CIRCL / AIL-framework

AIL framework - Analysis Information Leak framework. Project moved to https://github.com/ail-project
https://github.com/ail-project/ail-framework
GNU Affero General Public License v3.0
1.3k stars 282 forks source link

Can't import files with non alphanumeric chars in path #475

Closed Nedfire2347 closed 8 months ago

Nedfire2347 commented 4 years ago

Hello again, I'm currently working with @src7 on some dumps And we can't import these kinds of sample with _bin/importdir.py because of their names.

Samples Examples : Importing folder named : Collection #1_BTC combos Import hieracrhi with files named : api_scrape_item.php?i=aZe0Rt1Y

Concerned code in this file : https://github.com/CIRCL/AIL-framework/blob/1f8c858c777a7da59134d257d7defb464dc487e5/bin/import_dir.py#L70

Notice : It could also lead to an exploitable vulnerabilty

src7 commented 4 years ago

Hello,

For now I use this workaround to rename to_import/1970/01/01/api_scrape_item.php?i=aZe0Rt1Y to to_import/1970/01/01/aZe0Rt1Y.txt in batch in a very efficient way.

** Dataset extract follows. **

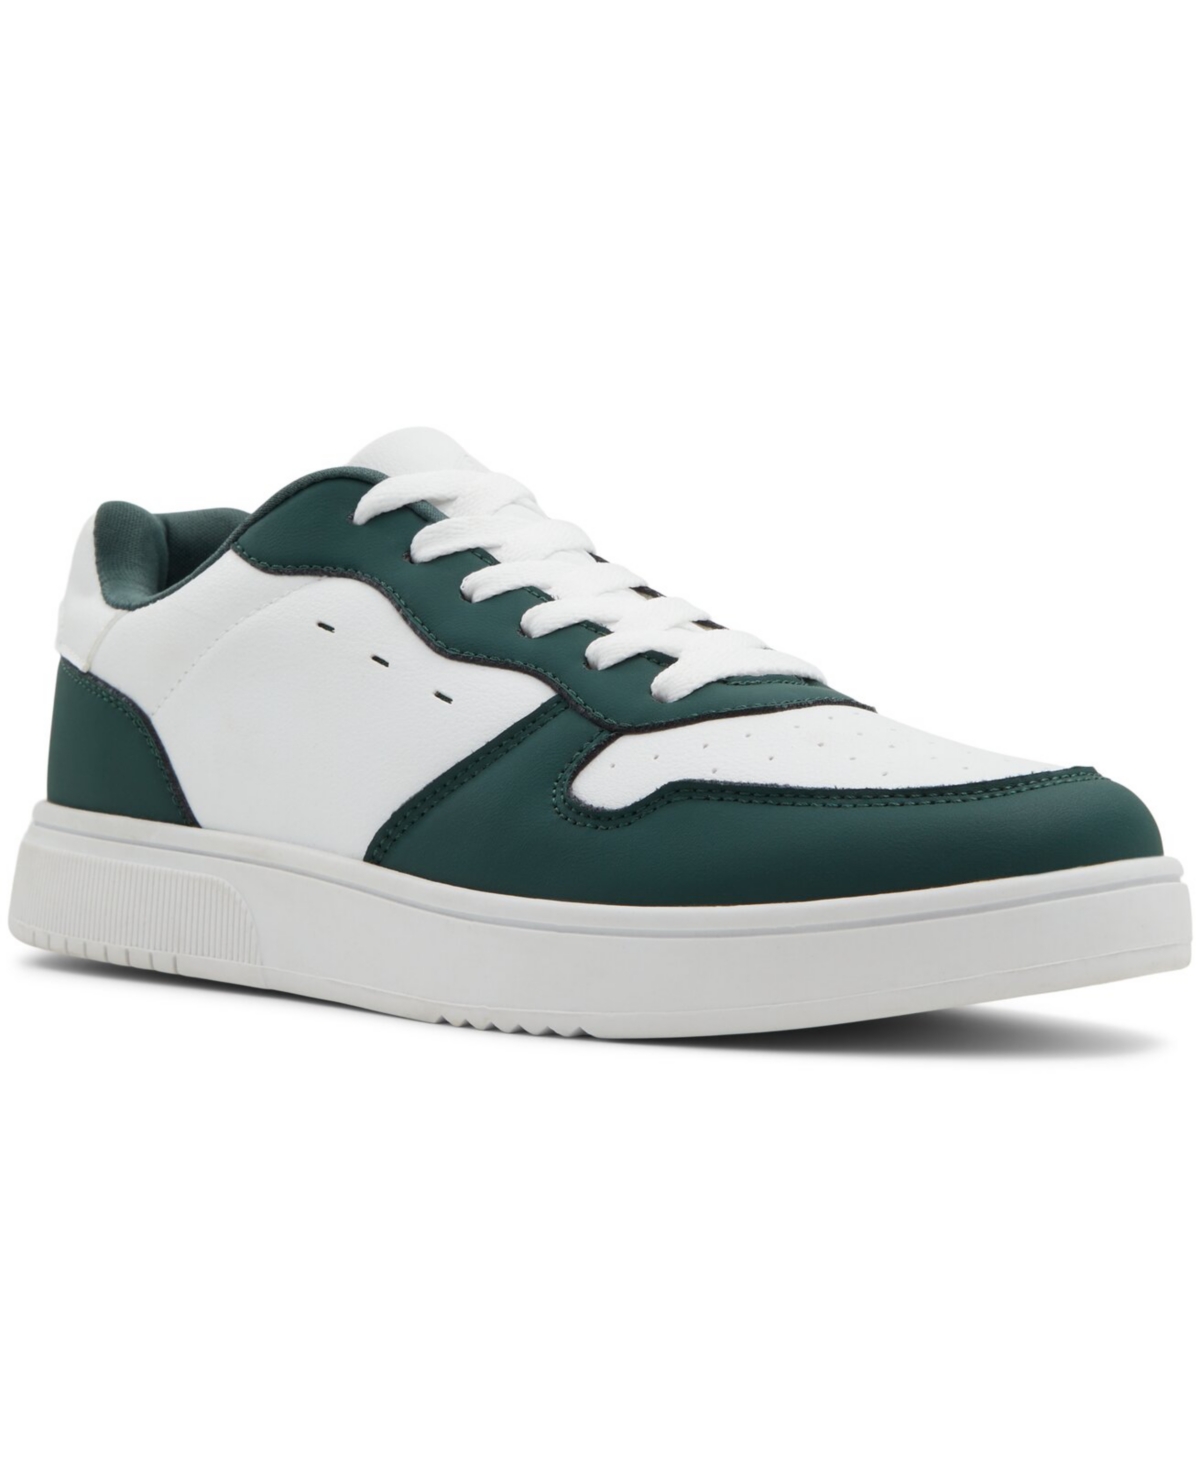 Call It Spring Men's Milanno Fashion Athletics Sneakers In Green

Command (in the to_import folder) mmv ';*\=*' '#1#3.txt' (use -n to test before)

Terrtia commented 4 years ago

Hi @Nedfire2347 @src7 ! Thanks for the report !

The issue is related to the white-space in the path. (we use this separator in the Mixer module)

Fixed with 72fe8a2

src7 commented 4 years ago

Hi,

what about the ? and the = ?

Terrtia commented 4 years ago

you right ! I removed some special characters with bdf2fce332312554e574682b26b13793b4963f78

src7 commented 4 years ago

Nice

(it is a bit extreme but two files named &.txt and ?.txt can't coexist then ? Not a problem for me)

src7 commented 4 years ago

First of all, there is a new dependency to add : python3-magic

But is this output normal ? Some files are not gzipped ?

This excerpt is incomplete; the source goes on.